Botanical Name: Syzygium cumini, Eugenia jambolana
Other Names: Jambu, Jambool, Java plum, Jamun, Jamblang, Neredupandu, Indian blackberry, Duhat plum, Black plum

Jambolans of good size and quality, having a sweet or subacid flavour and a minimum of astringency, are eaten raw and may be made into tarts, sauces and jam.

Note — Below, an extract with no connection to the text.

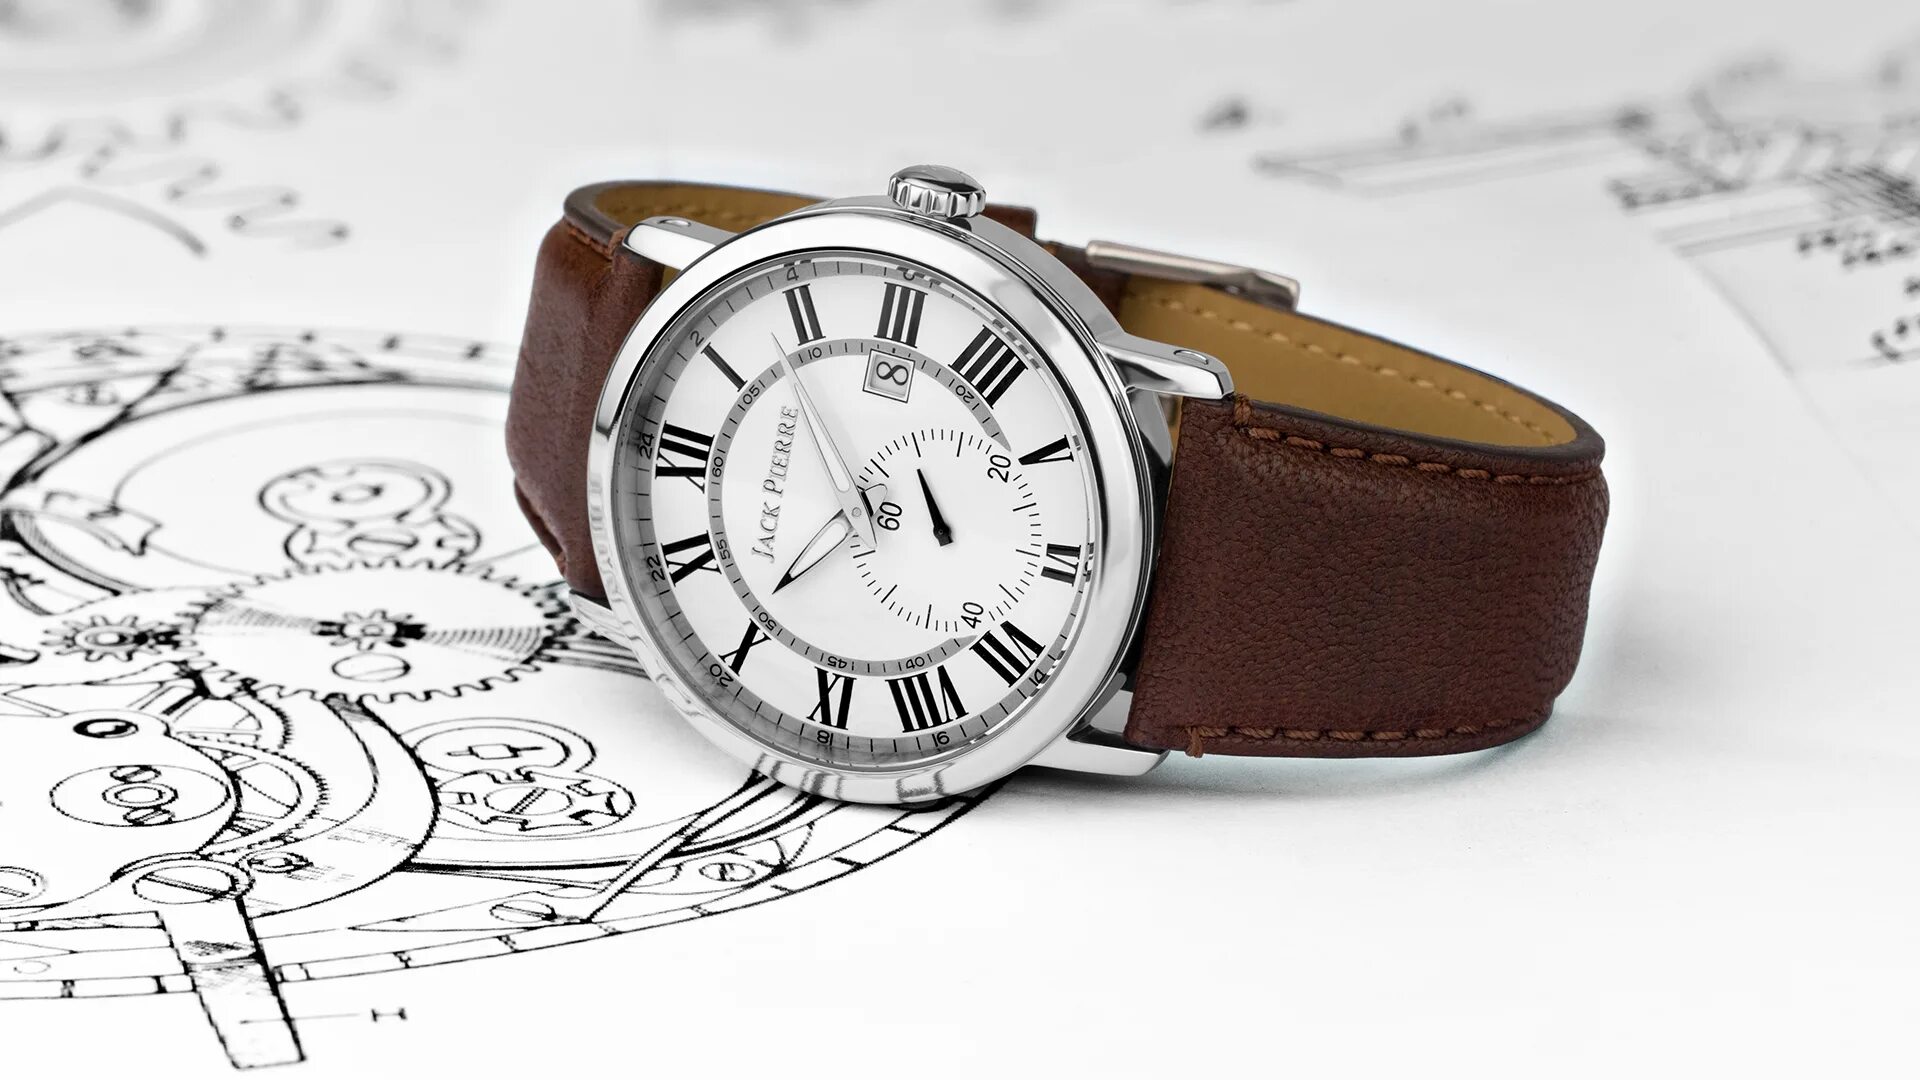 Watches website. Часы наручные на белом фоне. Часы мужские. Швейцарские часы. Красивые наручные часы мужские.
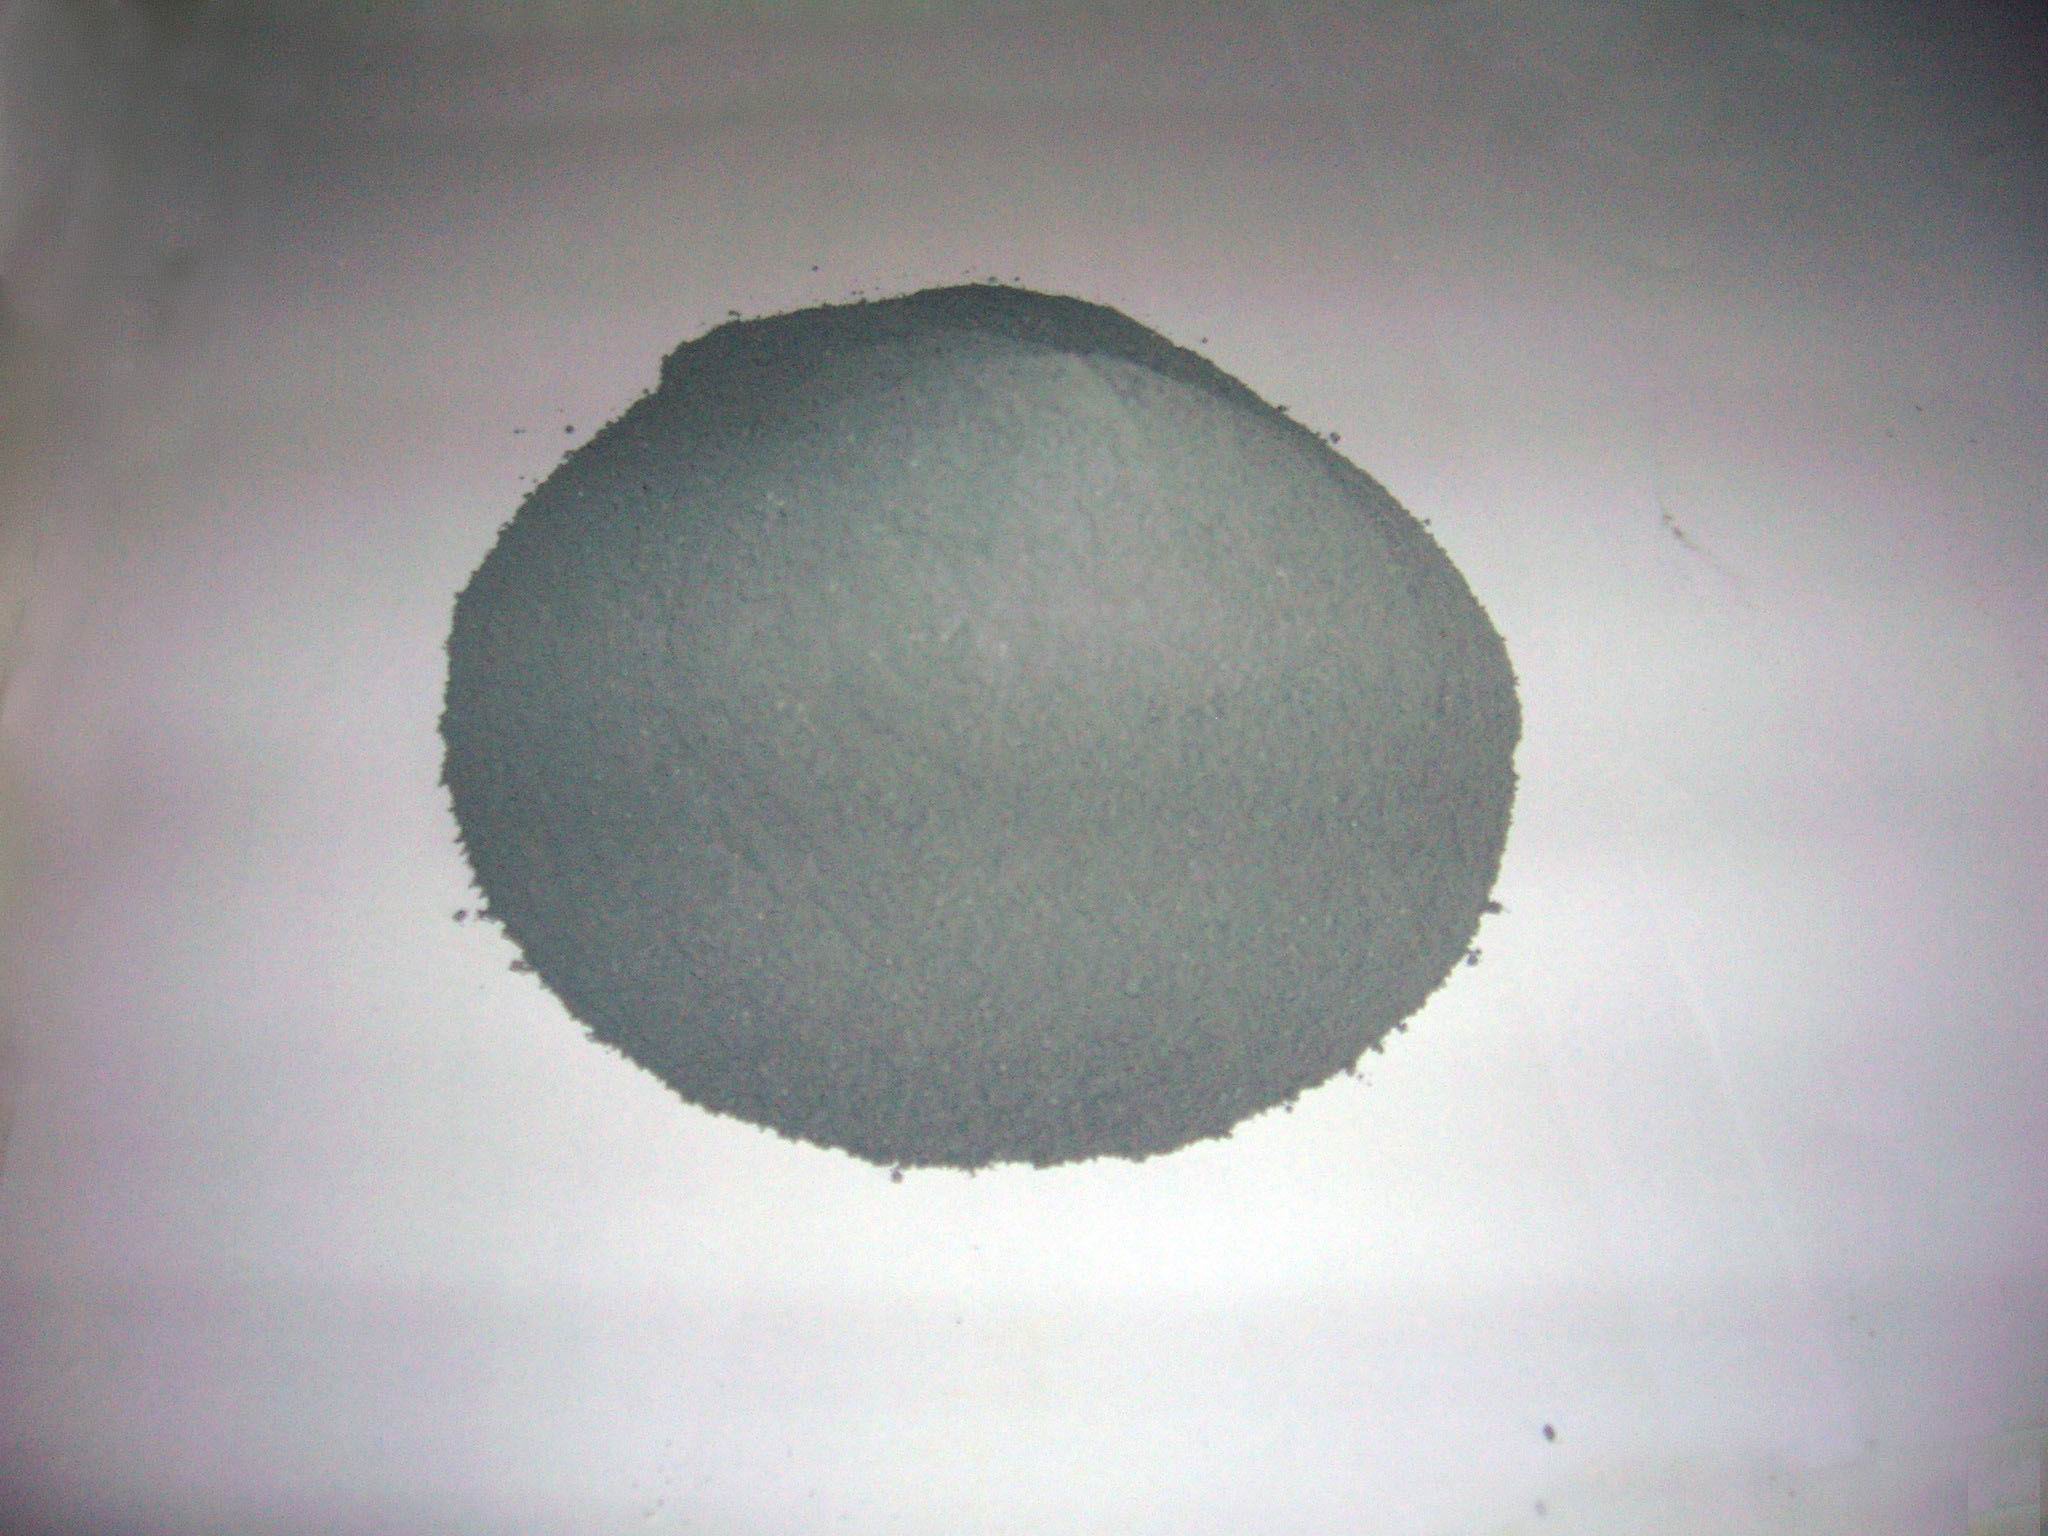 硅灰|硅微粉是一种活性很强的建筑材料

Java Apple image Java Apple

Botanical Name: Syzygium samarangense
Other Names: Wax apple, Wax jambu, Water apple, Rose apple, Jamrul, Amrul, Chom pu kio, Makopa, Semarang

The greenish fruits are eaten raw with salt or may be cooked as a sauce. They are also stewed with true apples. The red fruits are juicier and more flavourful and suitable for eating out-of-hand.

Kantola image Kantola

Botanical Name: Momordica dioica, M. cochinchinensis
Other Names: Spiny gourd, Teasle gourd, Kakrol, Kankro, Kartoli, Kantoli, Bhat korola

After peeling the spiny skin the vegetables are cut into quarters and usually curried. In some parts of India they are used to make pickle or hollowed, stuffed with spices and steamed. Kantola has a bitter taste but not as bitter as karela, and therefore has an acquired taste.

Karela image Karela

Botanical Name: Momordica charantia
Other Names: Bitter gourd, Bitter melon, Hanzal, Nigauri, Peria, Karawila, Balsamina, Foo gua

The seeds and pith of karela is intensely bitter and must be removed before cooking. The skin is tender and edible. The fruit is most often eaten green, it becomes more bitter as it ripens. Karela is used in many Asian dishes despite its very bitter taste. It is de-seeded and salted for a few hours and then washed in preparation for cooking. It is used to make curries, pickles and used in stir-fries. It can be stuffed with a spicy filling and steam cooked.

Kiwi image Kiwi

Botanical Name: Actinidia deliciosa
Other Names: Chinese gooseberry, Kivi, Macaque peach, Wood berry

In addition to eating out-of-hand, they are served as appetizers, in salads, in fish, fowl and meat dishes, in pies, puddings, and prepared as cake-filling. Ice cream may be topped with kiwifruit sauce or slices, and the fruit is used in breads and various beverages. Kiwifruit cannot be blended with yogurt because an enzyme conflicts with the yogurt process.